Prioritization is the process of determining which users, applications, devices, flows, and connections get service ahead of others or get a higher level of service. Prioritization is necessary, for there will be competition between traffic flows for network resources. With a limited amount of resources available in any network, prioritization determines who gets resources first and how much is allocated.

Prioritization begins during the requirements and flow analyses. Priority levels for users, applications, and devices should be determined as part of the requirements analysis, and priority levels for traffic flows determined during the flow analysis process. For example, you may recall that in Chapter 4 we discussed how to prioritize flows based on the various parameters, such as the numbers of users supported and performance requirements.

For a performance architecture, there are two high-level views of performance: single-tier performance, in which capacity, delay, and RMA are optimized for all traffic flows, and multitier performance, in which capacity, delay, and RMA are optimized for one or more groups of traffic flows, based on groups of users, applications, and/or devices. Either or both of these views can be taken for a network architecture. As with our approach to DiffServ and IntServ, single-tier performance may apply across the entire network, with multitier performance in select areas or as an addition to single-tier performance.

These two views of performance imply that there may be multiple levels (tiers) of performance required by different groups of traffic flows. Whenever there are multiple levels of performance requirements in a network (and thus multiple groups of traffic flows), there will be a need to prioritize these traffic flows. Prioritization is ranking (determining a priority level) based on importance and urgency. Ranking may be applied to users, applications, devices, or their traffic flows. A rank or priority level indicates the importance and/or urgency of that user, application, device, or flow, relative to other users, applications, devices, or flows in that network. Such priority levels are often determined during the requirements and flow analyses.

The most basic or degenerate case of prioritization is when every user, application, device, or flow has the same priority level. Such is the case in best-effort networks. When a user, application, device, flow, or groups of these require performance greater than the general case, they will have higher priority levels. In addition, an individual or group at the same priority level as other individuals or groups may change its priority level due to the urgency of its work.

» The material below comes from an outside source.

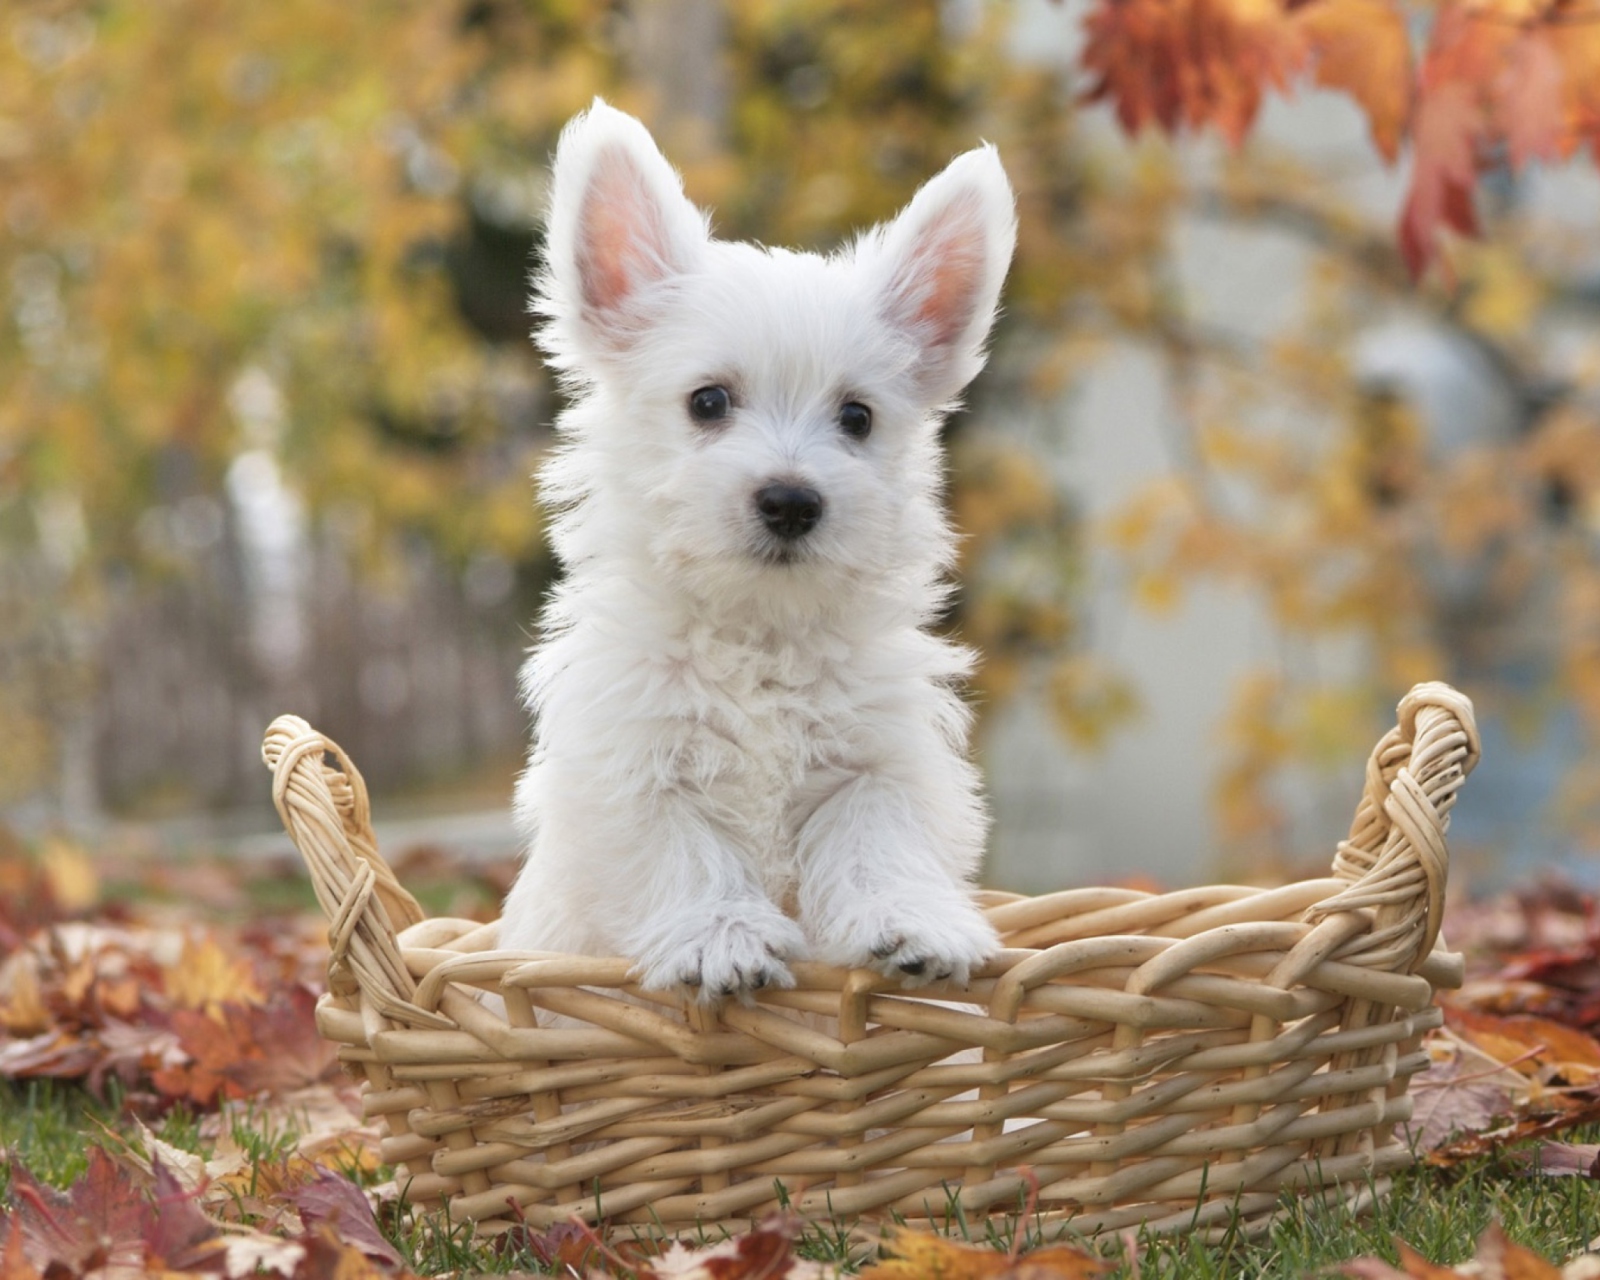 Cute Doggy In Basket wallpaper 1600x1280

For example, most users on a network have a common set of applications and devices. They will often use a similar type of desktop or laptop computer, with a standard type of network interface. They will likely use email, Web, word processing, and other common applications. Such users may constitute a group of single-tier performance users, all with a single priority level. For some networks, this is as far as prioritization gets, and the performance architecture focuses on optimizing performance for everyone in this group. In some cases, however, even a single, single-tier performance group may have multiple priority levels. With the aforementioned example, priority levels can be used to allow preference to individuals who have not used the network for some time or who are willing to pay a premium for preferred access.

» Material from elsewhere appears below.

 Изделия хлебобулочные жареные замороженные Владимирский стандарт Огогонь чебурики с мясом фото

Priority levels may be based on the type of protocol (e.g., TCP versus User Datagram Protocol), service, or port number; by IP or MAC-layer address; or by other information embedded within the traffic. This information can be maintained in databases and coupled with policies and SLAs (discussed later in this chapter) as part of the performance architecture.

Priority levels are used by network devices to help determine whether traffic flows will be allowed on the network (admission control), to schedule traffic flows onto the network, and to condition flows throughout the network.

Traffic Management

Priority levels determine the relative importance and urgency of traffic flows and how each traffic flow will be handled within the network. Traffic management consists of admission control and traffic conditioning. Admission control is the ability to refuse access to network resources. Traffic conditioning is a set of mechanisms that modify (increase or decrease) performance to traffic flows, as a precursor to scheduling.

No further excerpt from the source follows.